Desperately Dating Articles Doin’ The Co-Parenting Dance

Doin’ The Co-Parenting Dance

Ever been triggered by an ex? Led right down the garden path to old patterns that make you just as crazy now as they did before? Yep, right here. It is a special kind of hell when you are trying to co-parent kids with an ex. In the midst of all of this coronavirus mess, my kids’ dad and I are trying to help steer our teenagers to act reasonably responsibly. That’s a tall order. Because they are teens and therefore selfish and invincible. Asking them to sacrifice their social lives for the greater good just doesn’t go very far.

I try to be a good parent and stretch their minds to the limits that their developmental stage will allow though. I involve them in discussions in an effort to model good decision-making skills. I’m uncomfortable as a parent (and person) with ultimatums and unilateral authoritarian rules so I always try to give them a “why”. I want them to learn good critical thinking skills now so that they can collect and process information to make good decisions in the future, all on their own.

I thought my ex and I could model that for them jointly, it has been over 5 years since we split up after all. I was wrong. So instead, my kids had a front row seat for a vivid reminder of why their parents are no longer together. He doesn’t like it when I challenge him and I don’t like it when he dismisses my ideas, then our communication degenerates from there. Lesson (re-)learned. I guess maybe it is ok to test the waters periodically to see if things have progressed to a point where productive discussion is possible with your ex. Or maybe I’m just deluding myself! Or painfully naïve.

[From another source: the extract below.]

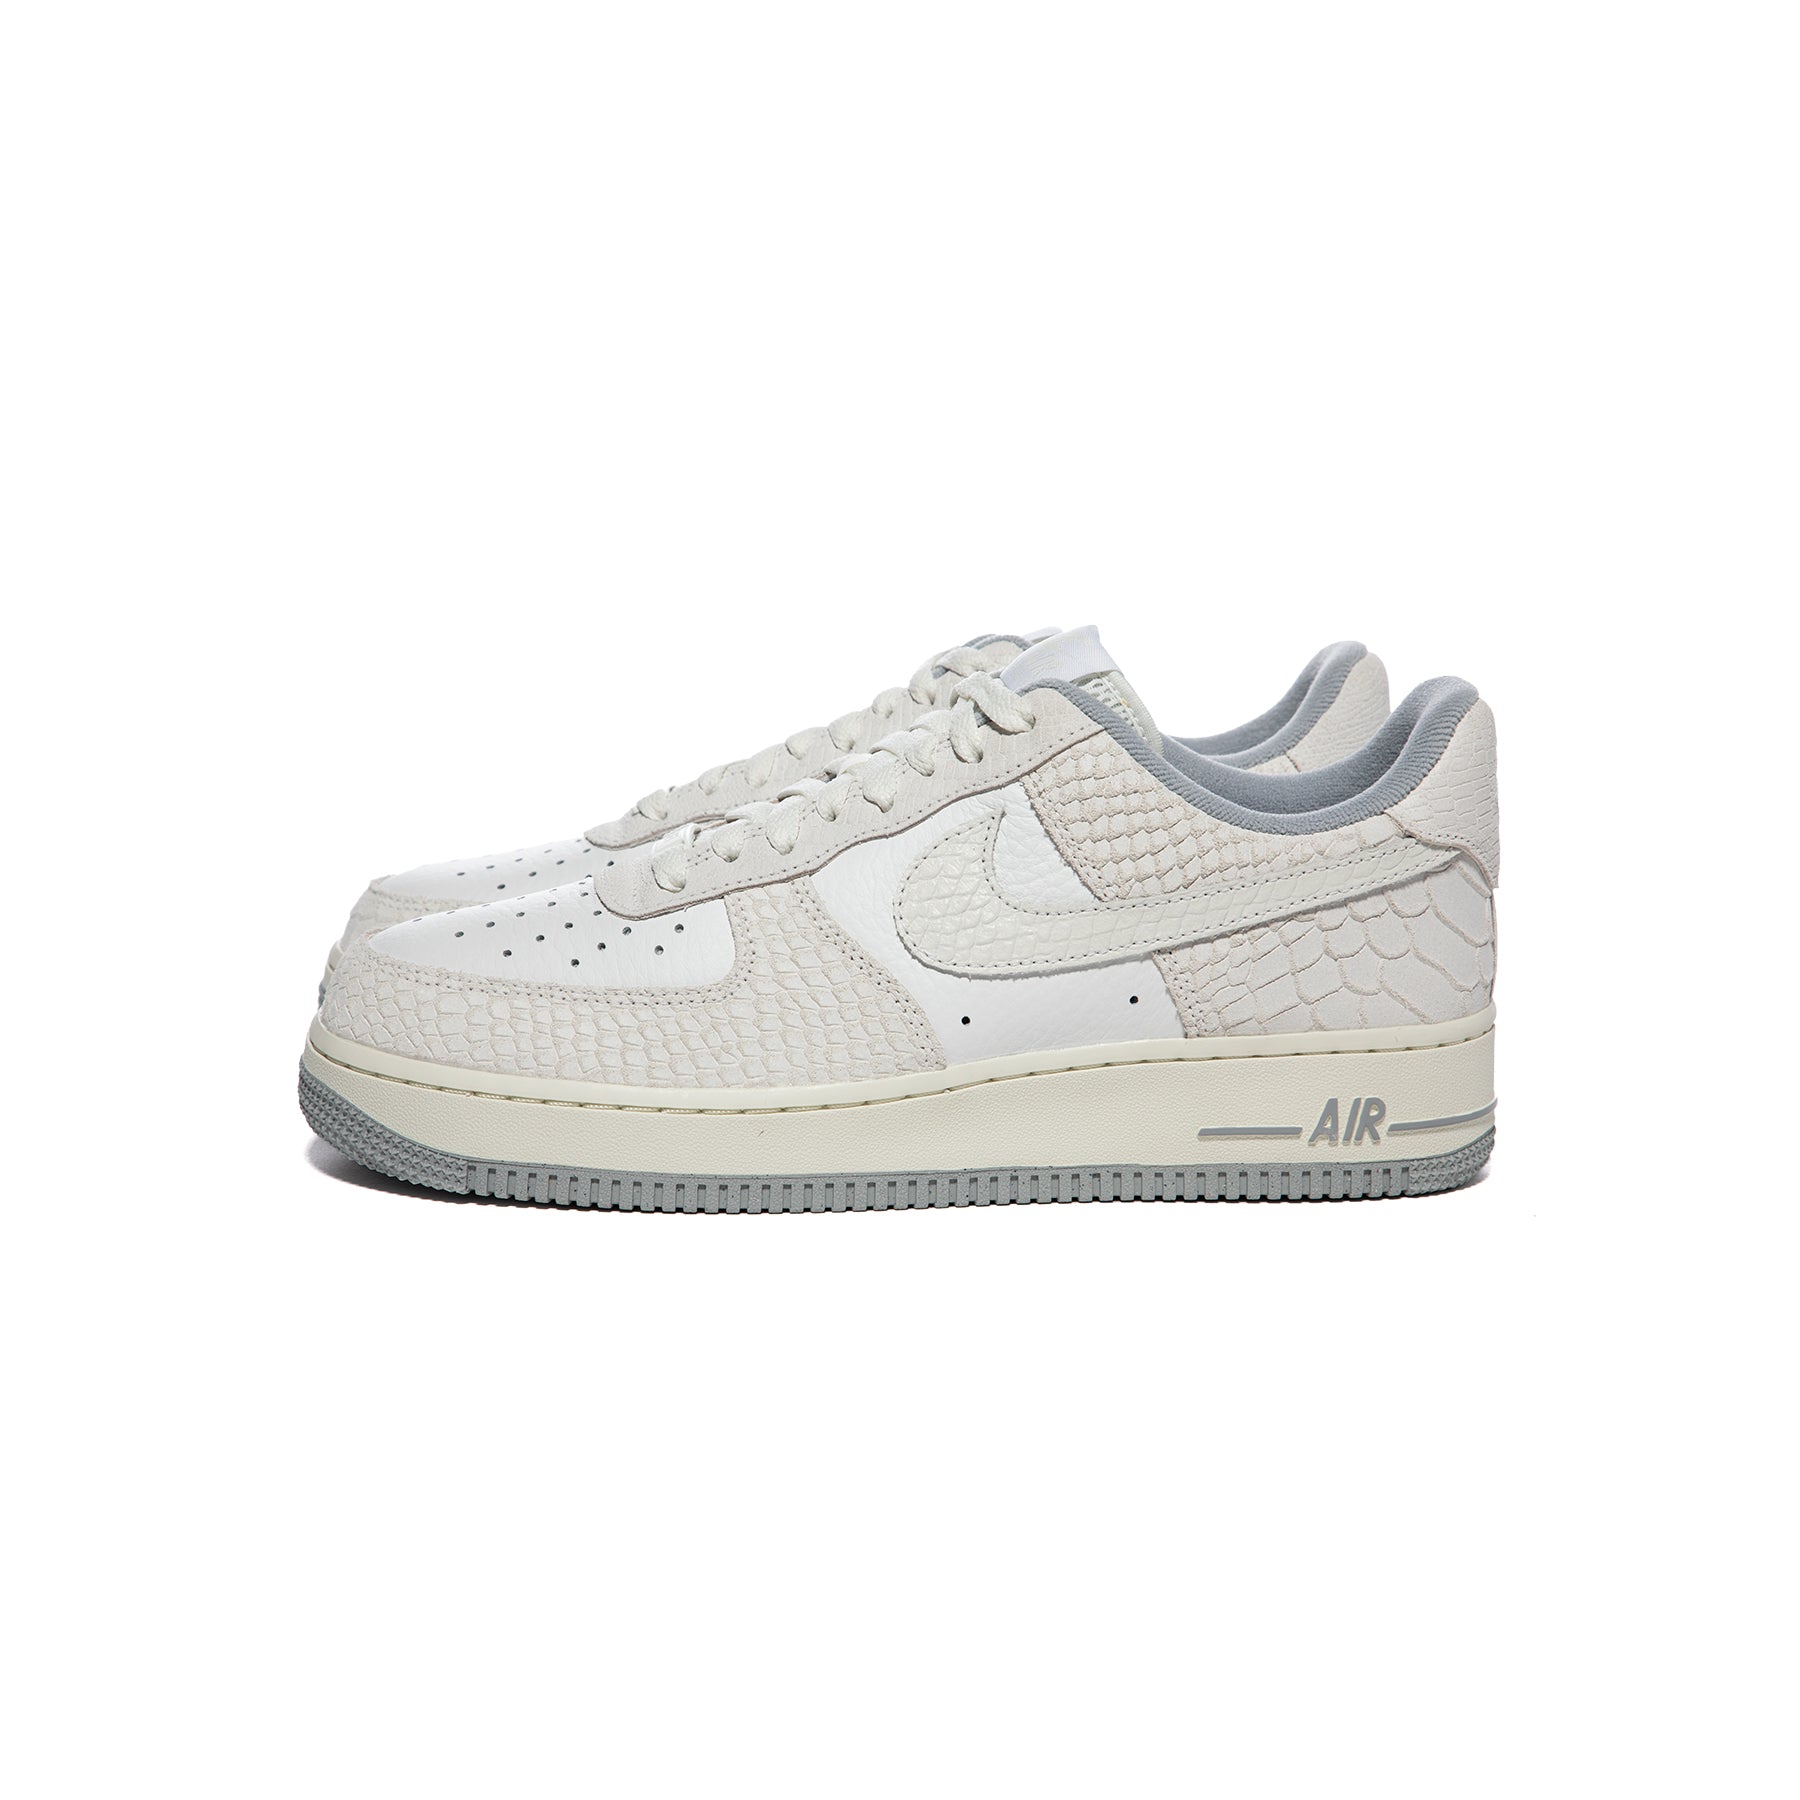 muy agradable Donación Carne de cordero Nike Womens Air Force 1 '07 (Summit White/Summit White/Sail/Wolf Grey) –  Concepts

These be murky waters and I don’t have great advice here. What I take away from my own experience in this situation is that I really don’t like how I feel doing this familiar dance with him again. We ended the relationship for good reasons and we’ve healed and moved on separately to happy lives. However, clearly nothing has magically changed or improved in that intervening time to fix our inability to communicate effectively with each other about difficult things. I’m probably going to wholesale avoid it in the future and not even continue to try. It pains me to say that, but it’s just not worth it, too damaging for all involved. So, I guess we will have to stay stuck, go back to our respective corners, and continue to pleasantly parallel parent to the best of our abilities. I sent a little note apologizing to him for my part in things going wrong this time around and I’ll work on acceptance that our communication problem is not fixable. Until I feel hopeful and misguidedly try again. Ha! I do know myself. Onward and awkward!